Nous devrions donc considérer toute notre vie comme une préparation, tout comme le Carême est une préparation.
L'abbé Rutler dit que « nous ne devrions pas dormir pendant tout ce temps ». Autrement dit, nous devons être vigilants. Nous devons faire attention. Nous devons être prudents. Nos sens ne devraient pas être émoussés par rapport à notre premier devoir de prière et de pénitence ce carême.
Nous ne devrions pas passer des heures de notre journée sur l'Internet, à chercher les dernières réponses à nos questions, à rechercher constamment les derniers titres dans l'actualité, les dernières controverses, les derniers complots.
Mes chers paroissiens, les réponses à vos questions et aux miennes se trouvent en Jésus-Christ, elles ne se trouvent pas sur l'internet !
Sess
Envoyer un courriel à l'abbé Deprey à deux heures du matin n'est pas bon signe !
Le World Wide Web est bien décrit – parce que c'est une toile, et sur chaque toile il ya une araignée, qui essaie de vous attraper et de vous sucer la vie.
Vous devez prendre soin de votre vie spirituelle !
Que faites-vous de votre journée ? Que faites-vous réellement du temps précieux que Dieu vous a donné, plus de temps que vous auriez pu imaginer, pour vous préparer à cette grande fête de Pâques ? Il me semble que la plupart d'entre nous en ce moment ont beaucoup plus de temps.
Saint Paul dit dans sa lettre aux Romains :
« C'est l'heure de nous réveiller enfin du sommeil ; car maintenant le salut est plus près de nous que lorsque nous avons embrassé la foi. La nuit est avancée, et le jour approche. » (Rm 13, 11-12)
Dans la confusion et la panique périodique de nos circonstances actuelles, nous devons chacun fixer nos priorités cette semaine. Quelles seront-elles ?
Avons-nous peut-être pris Notre Seigneur pour acquis ?
Nous savons que la Semaine Sainte est la semaine la plus importante pour nous en tant que catholiques, et pourtant nous nous retrouvons, en un sens, chassés, comme les pénitents publics de l'église primitive, qui devaient faire pénitence en public pour leurs péchés pendant le Carême pour mériter d'être réadmis dans l'église.
Est-ce un message que nous comprenons ?
C'est en effet un moment de deuil. C'est le temps de la vraie Pénitence. Nos péchés ont causé les blessures du Christ. Nos péchés l'ont cloué sur la croix.
Nos péchés sont la cause de la mort, de la destruction et de la pandémie.
Nous devons, comme l'exhorte saint Ignace de Loyola, nous efforcer de devenir tristes et de nous lamenter parce que le Christ va vers Sa mort. Il se cache, il cache sa divinité, ne désirant que souffrir pour expier chacun des péchés que vous et moi avons commis. C'est le moment de faire un examen de conscience, c'est le moment de se poser la question : Si le Christ est mort pour moi, que vais-je faire pour le Christ ?

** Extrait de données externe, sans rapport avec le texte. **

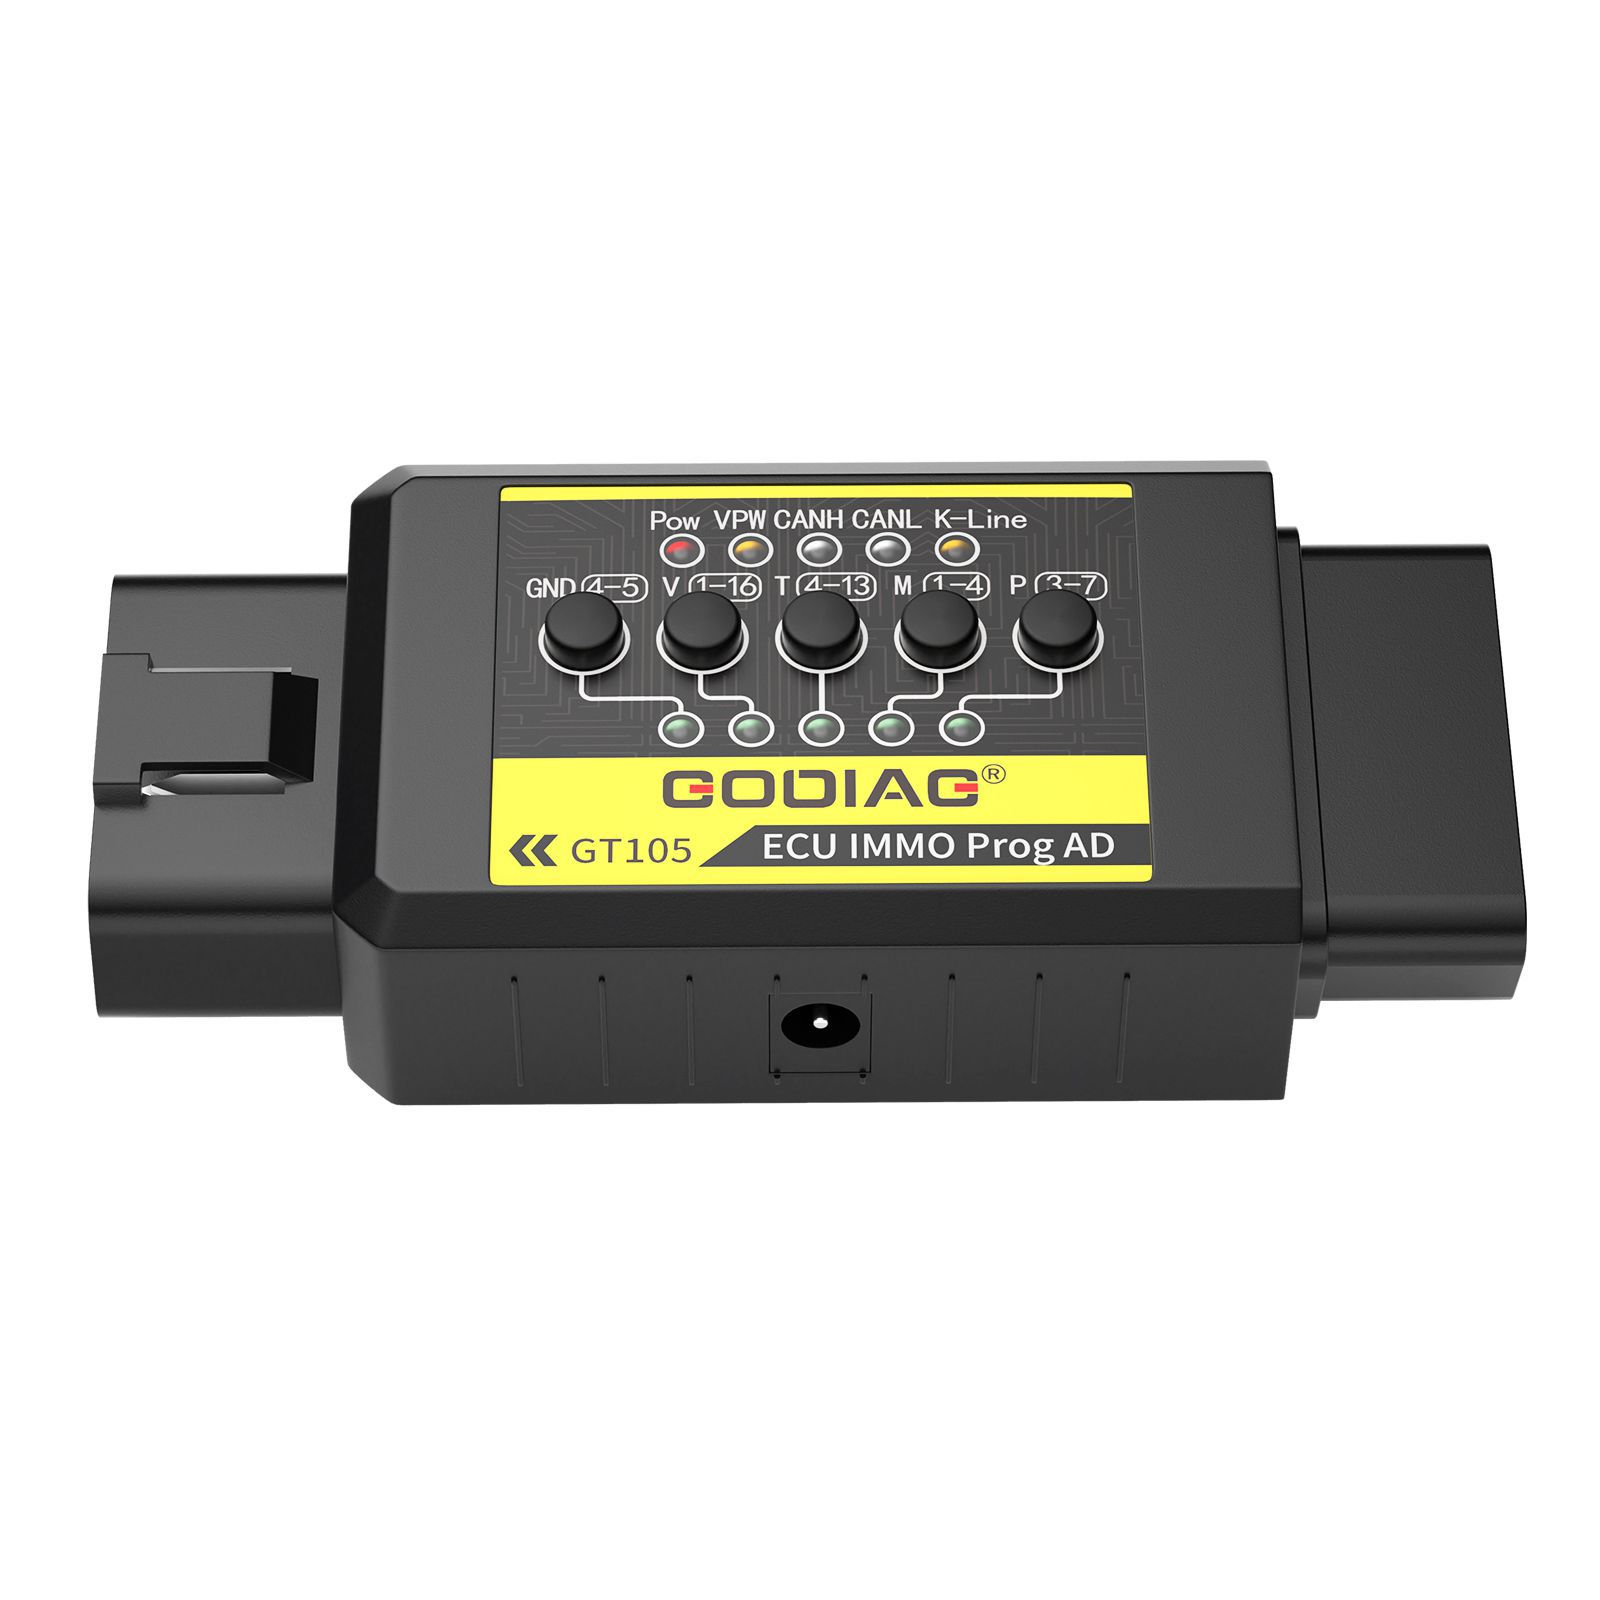 2022 dernier connecteur goldiag gt105 obd II Tap Box obd Auxiliary ECU immo prog ad Ecu

Je voudrais vous faire part d'un acte de contrition qu'une de nos paroissiennes m'a montré il ya quelques mois. J'ai été très ému par cette prière, car je ne l'avais jamais entendue auparavant. Je l'ai trouvé si belle que je voulais la partager avec vous. Je pense que vous pourriez en tirer profit alors que vous cherchez cette semaine à réfléchir sur votre vie pour vous amener à une véritable contrition et à une repentance renouvelée. Voici la prière :
Pardonnez-moi, Seigneur,
pardonnez mes péchés :
les péchés de ma jeunesse,
les péchés de mon âge;
les péchés de mon âme,
les péchés de mon corps ;
mes péchés d'oisiveté,
mes graves péchés volontaires ;
les péchés que je connais,
les péchés que je ne connais pas ;
les péchés que j'ai cachés pendant si longtemps,
et qui sont maintenant cachés à ma mémoire!
Je suis vraiment désolé pour chaque péché, mortel et véniel,
pour tous les péchés de mon enfance jusqu'à l'heure actuelle.
Je sais que mes péchés ont blessé votre Cœur si tendre !
Ô mon Sauveur, laissez-moi être libéré des liens du mal
par la Passion douloureuse de mon Rédempteur.
Pardonnez-moi, Seigneur, car j'ai péché.